Mais François Hollande aura également à se garder de toute démagogie ou de toute tentation populiste. Il est bon de reconnaître la réussite quand elle est juste. Ce n’est pas le fait qu’un patron gagne de l’argent qui est scandaleux, c’est qu’il le gagne en exploitant outrancièrement des salariés empêtrés dans un rapport de forces inégal et injuste. La justice sociale dans l’entreprise n’est pas une utopie et mérite d’être visée. Les patrons doivent être respectés en fonction de leur vertu, c’est-à-dire de leur compétence et de leur témérité entrepreneuriale (la virtù qui est au cœur de l’art du Prince, selon Machiavel) et non pas en vertu d’une rente de situation.  Ce pouvoir de direction doit être mérité à chaque instant et l’entrepreneur être un capitaine courageux et responsable, et non un négrier chargé de galériens enfermés dans la soute. Nous n’admirons pas la réussite des voyoutocrates. Nous souhaitons des patrons qui reconnaissent et rétribuent le mérite et le travail à sa juste valeur, sans mettre lâchement leurs pratiques antisociales sur le compte de la crise. Le travail n’a pas de sens quand il ne rapporte plus rien et qu’il devient une forme insidieuse d’esclavage.
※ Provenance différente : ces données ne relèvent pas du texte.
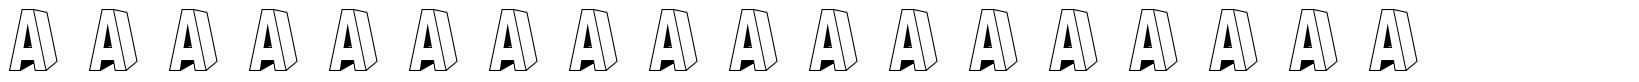 A Ryal Black Block font

François Hollande devra se garder des absurdités économiques entraînant des drames massifs. Il aura à combattre un capitalisme financier amoral tout en restant responsable budgétairement. Cela signifie justifier l’utilité de chaque euro investi et recourir à un endettement intelligent, qui ne perde pas de vue la notion d’équilibre, tout en ayant le sens des priorités, humaines avant tout. En bon père de famille, il saura quand il convient de s’endetter pour investir, et quand il faut au contraire épargner ou rembourser. Il aura pour tâche de qualifier la dépense publique, de la rendre plus efficace et plus juste.  Il aura le sens du rythme budgétaire.
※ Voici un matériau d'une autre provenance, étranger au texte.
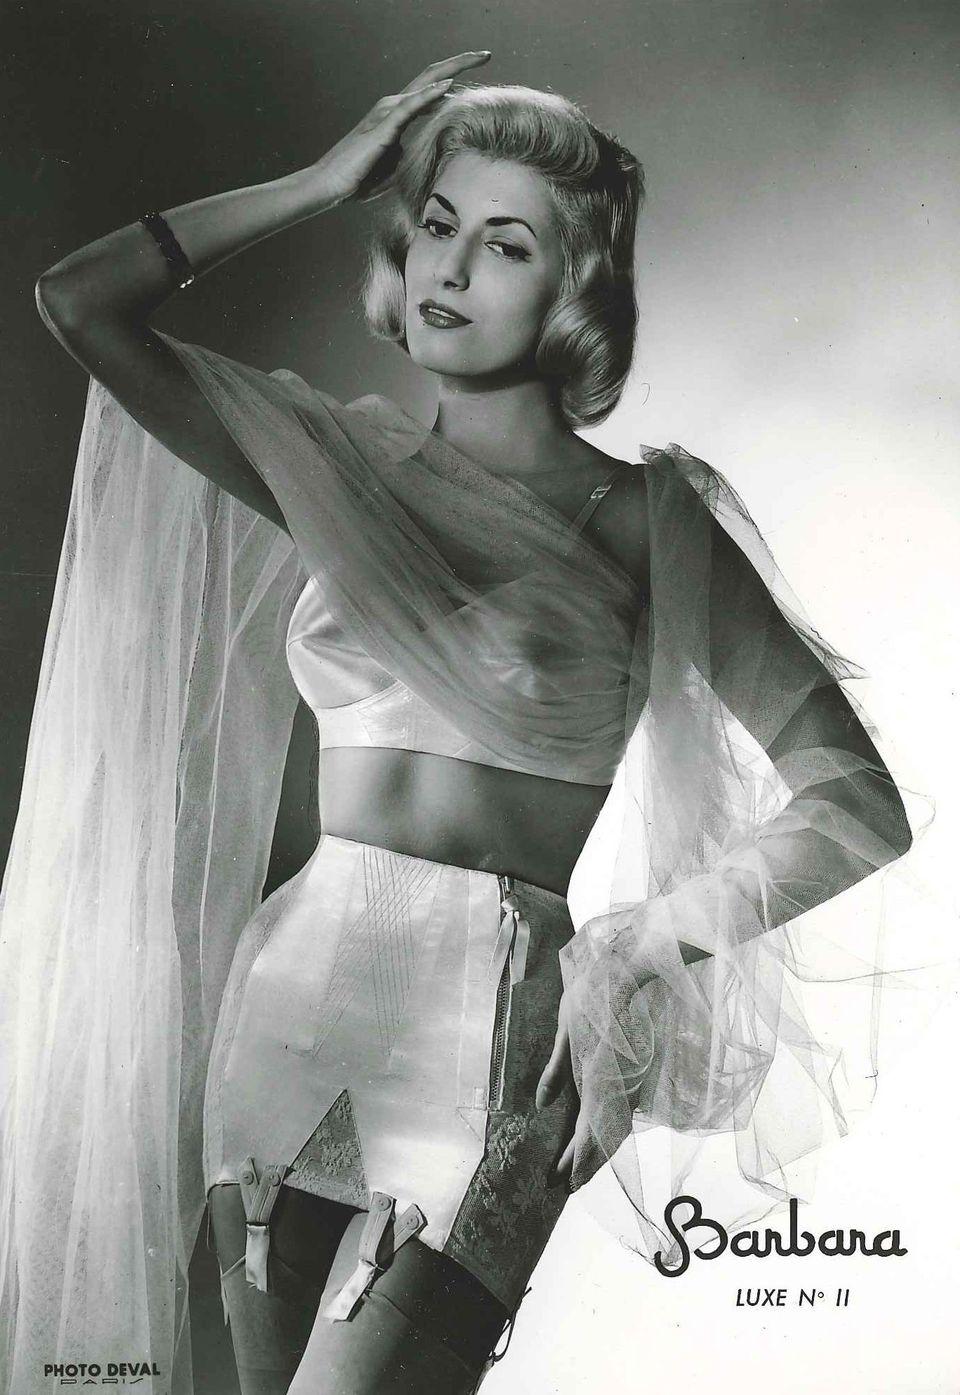 Barbara Collection of the 1950s, Barbara Patrimony

Socialistes, nous le sommons de défendre les faibles sans pour autant devenir les prisonniers des syndicats quand ceux-ci dévoient le système et deviennent des institutions opaques. Certains syndicats doivent nettoyer leurs écuries d’Augias pour retrouver leur rôle de défense des travailleurs et d’artisans du dialogue social. François Hollande pourra ainsi écouter la rue sans se laisser conduire par elle, et transiger, négocier et trancher, pour le bien supérieur de la Nation.

Plus que tout, François Hollande a pour devoir d’aider la France à sortir de la dépression qui la mine. Il lui revient pour cela d’être compétent et surtout fidèle à ses engagements et à son sens de la justice. Il n’y a que le Président de la République qui puisse insuffler de l’espoir et de la fierté à la communauté nationale. « Le poisson pourrit par la tête » dit un proverbe chinois. Gageons que c’est également par la tête qu’il peut se régénérer, si le corps lui en donne l’inspiration, le désir et le pouvoir.
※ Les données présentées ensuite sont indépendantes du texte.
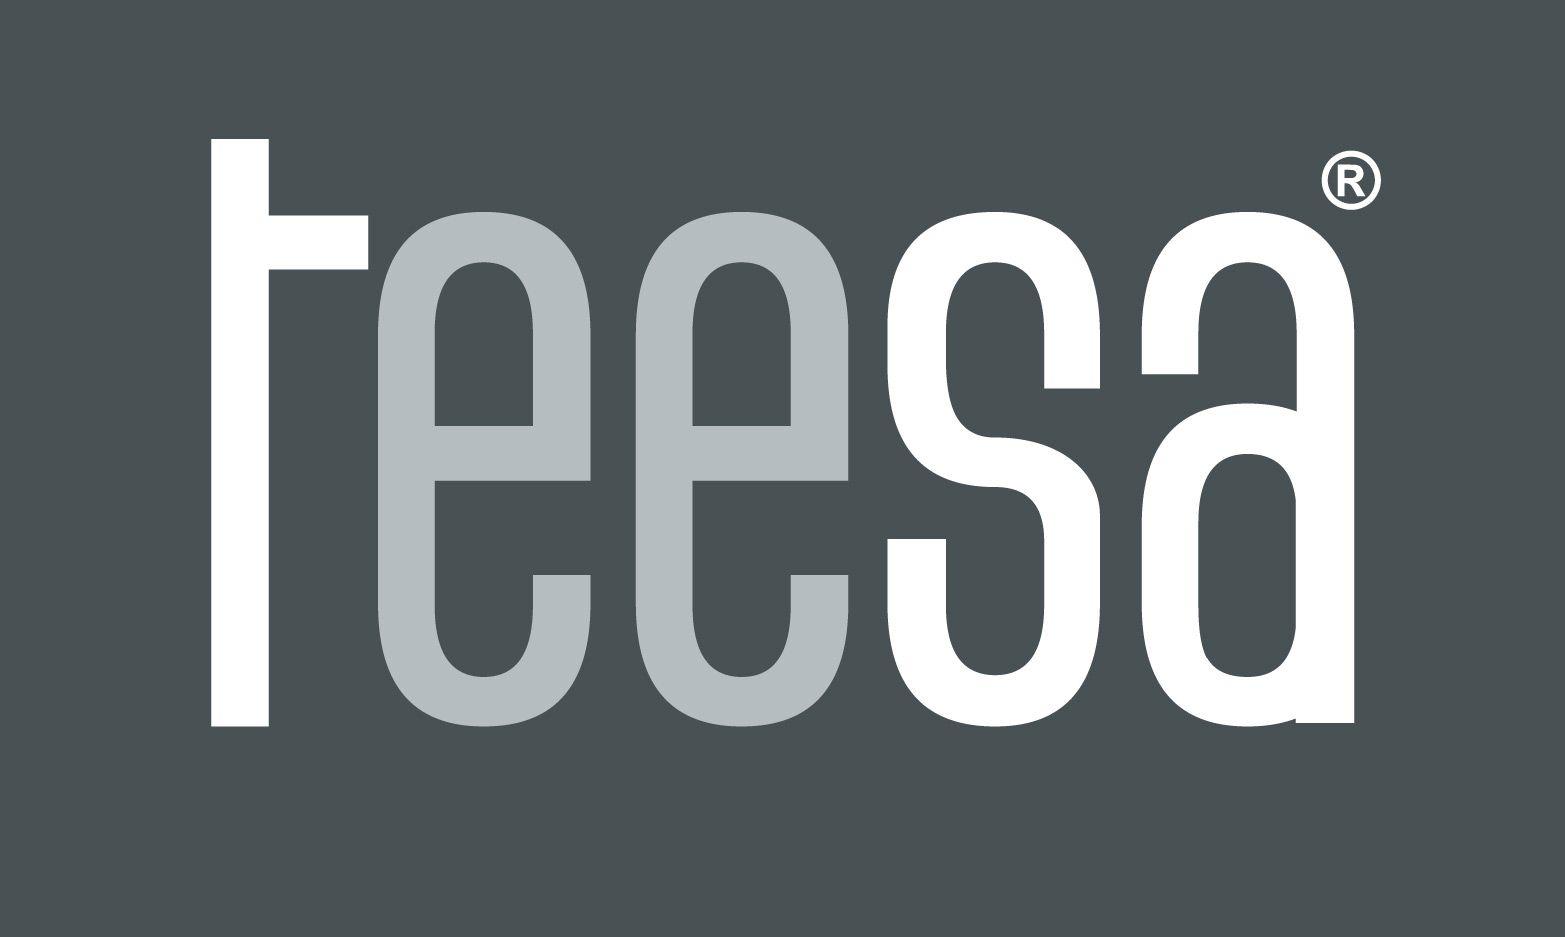 Teesa logo

Que risque-t-on si l’on s’abstient, si l’on ne fait rien ? Nous risquons de retomber dans ce que nous connaissons déjà… mais en pire. Réélu, Nicolas Sarkozy serait conforté dans sa ligne dure et droitière, et pourra se prévaloir du score significatif du Front National au premier tour. On aurait pu, un temps, croire à un possible tournant social du règne de Nicolas Sarkozy. Dans une comparaison saisissante entre le Président sortant et Napoléon III que Victor Hugo appelait « le Petit », à « l’empire autoritaire » aurait pu succéder « l’empire libéral ». Mais Nicolas Sarkozy n’a jamais écrit De l’extinction du paupérisme. C’est le titre d’un ouvrage de jeunesse de Louis-Napoléon Bonaparte (1844). Le fond de Nicolas Sarkozy n’est pas bon pour ce pays. Son dynamisme a pu plaire, car il est habile, adroit, et parfois sympathique, mais il n’a pas la fibre sociale dont la France a besoin aujourd’hui pour retrouver une véritable confiance et une perspective d’avenir. Son cynisme et son autoritarisme sont dépassés. Si Nicolas Sarkozy repasse, ce qui est encore tout à fait possible, cela accroîtra le sentiment de désespoir qui accable notre pays et réveillera des tentations violentes. Les extrêmes, qui canalisaient les mécontentements, se radicaliseront, nous entraînant progressivement dans un climat de guerre civile. A la gueule de bois risque de succéder la colère. Bien malin qui saura alors la contenir.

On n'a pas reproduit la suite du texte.